Analysing an algo’s performance

After a client trades an algo, we always ask ourselves “how did it perform” and “did it meet client expectations”. Even with the advent of independent best execution services, algo providers need to analyse their trades to make sure they are meeting the design objectives. Objectively “How did it perform” can be to some extent answered by standard metrics. Slippage vs Risk Transfer Price is often the first point of call. After this it will depend on the type of algo, market conditions and what we think the client was trying to achieve.

Analysing an  algo’s performance
By Tom Appleton, Executive Director, e-FX Algo Execution, Crédit Agricole CIB

If it’s a passive execution then we will be looking at how much executed passively, what the spread capture is, if there was any market impact from the placements, time to fill etc. If it is an aggressive algo we will be looking at fill ratio, market impact curves after trades, slippage, cost of retry. If it is an illiquid pair we might also be looking at bid ask compression and signalling risk.

Smoking gun

Sometimes, there is a smoking gun, and its easy to identify. For example, if selling in a downward trending market, it is easy to demonstrate the price before, during and after the trade and show that the outcome was relative to market performance overall. The output of the analysis dictates what we do next to improve, what parameters to adjust. When its not so obvious, you need to delve more deeply into what's happening in the ECNs, and policing the liquidity pools.

Answering the question “how did it perform” and even more subjectively “did it meet client expectations” means we need to understand what our client was trying to achieve with the order. 

For example, if a client says I want the algo to be passive then an indication of the type of duration expected helps when checking performance. If opening a position and the price is going in the clients favour there may be a desire to leave more risk on the table – ie trade more slowly and allow the algo to benefit from price improvement. In this scenario, if an algo completes in 10 minutes, but the expected duration was an hour, it doesn’t matter that the algo looks good on all metrics – it failed the fundamental objective and we have think carefully about why that happened.

However obviously this has to be analysed correctly for each client – for most clients, if an algo reacts opportunistically to favourable conditions, this is exactly what they want. Choosing the right algo to match execution objectives is key here, as is the ability to step back and adjust the algo if necessary if the market changes.
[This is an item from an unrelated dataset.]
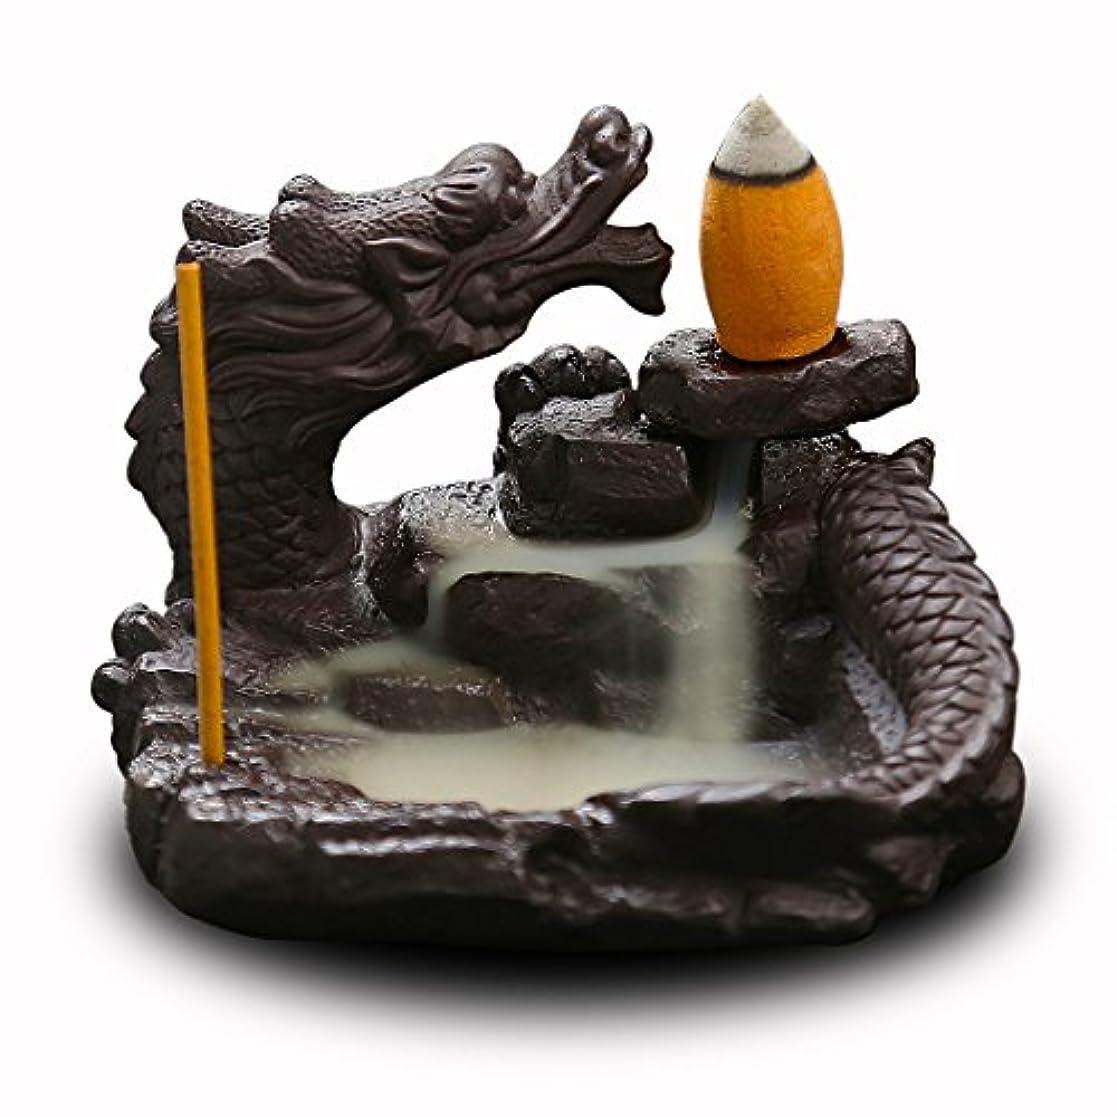 野球る改修する(Style6) - OTOFY Mythical Dragon Backflow Incense Holder Figurine Incense Cone Holder Gothic Home Decor
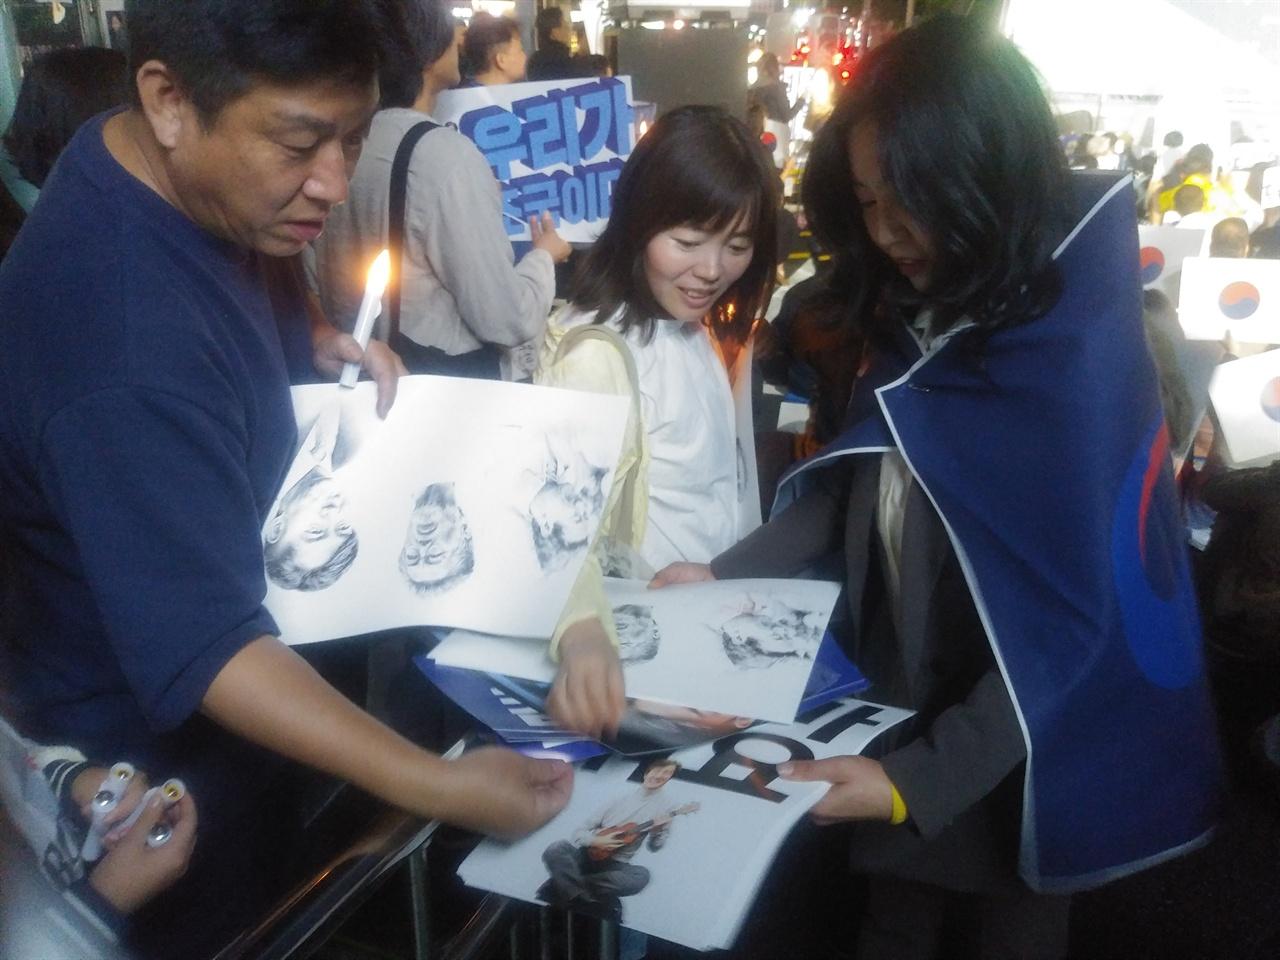 제주촛불집회 시민들이 촛불집회를 참가하기 위해 홍보물을 받고 있다.

If a client says I want the algo to be passive then an indication of the type of duration expected helps when checking performance
If a client says I want the algo to be passive then an indication of the type of duration expected helps when checking performance

More experienced algo users will generally choose their algo and provider with this in mind and will have a specific set of criteria to determine whether the execution was good or not, either done in house or by submitting orders to independent Best Execution services. Less experienced algo users may need more help in understanding the different characteristics of algos so they can better meet their execution objectives. At this point we provide our own objective analysis to the clients.

Ultimately, even with a vast array of execution analytics that help improve performance often the best feedback is from the client and whether or not they got what they feel is a good result at that time.